This thread has been locked.

If you have a related question, please click the "Ask a related question" button in the top right corner. The newly created question will be automatically linked to this question.

Linux/66AK2H12: IP stack freeze when trying to use NFS

Part Number: 66AK2H12

Tool/software: Linux

Hi,  

I'm working on a system that has a 66AK2H12 device connected over 10GbE.
My system is based on TI's kernel and buildRoot for creating the filesystem.

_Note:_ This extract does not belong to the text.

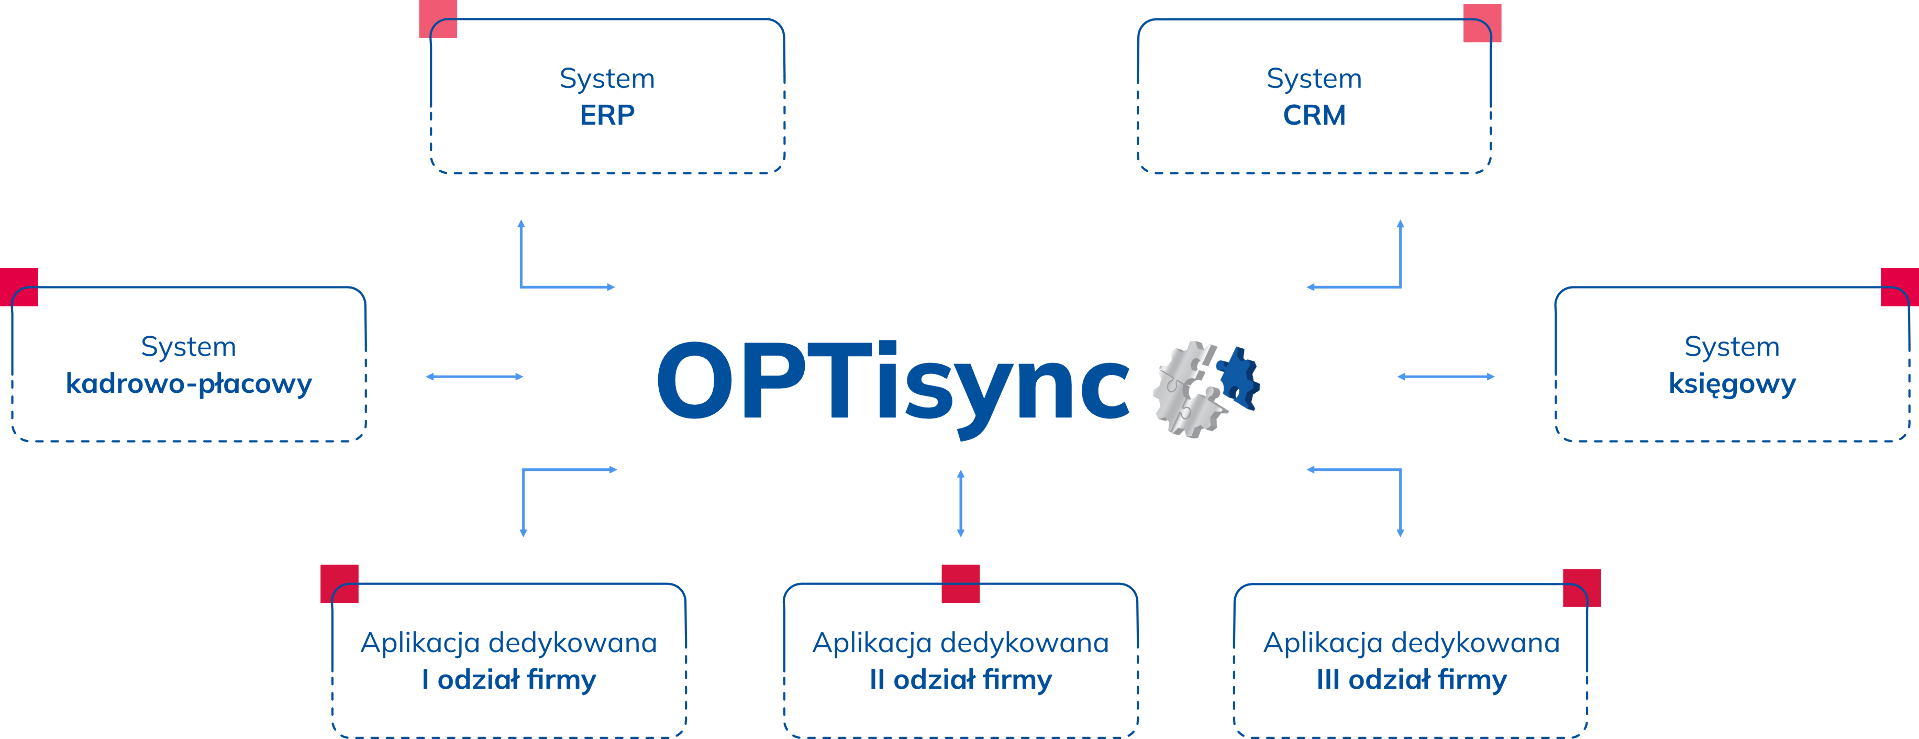 optisync_szyna_danych_integracja_systemow_opteam.png

I'm witnessing an issue when trying to use NFS from the Hawking (mount an NFS shared folder that resides in remote computer).

Mounting the NFS seems to work fine, but at some point (After sending a few megabytes of data) we lose any TCP/IP connectivity with the ARM (Even Ping doesn’t work). 

Looking at the process list, we see that the writing process is stuck in ‘D’ state.

After that happened, I noticed that the send-Q holds a huge amount of data.

In addition, when the NFS is stuck, trying to shut down the NIC, produces some info about Packet DMA in the kernel log.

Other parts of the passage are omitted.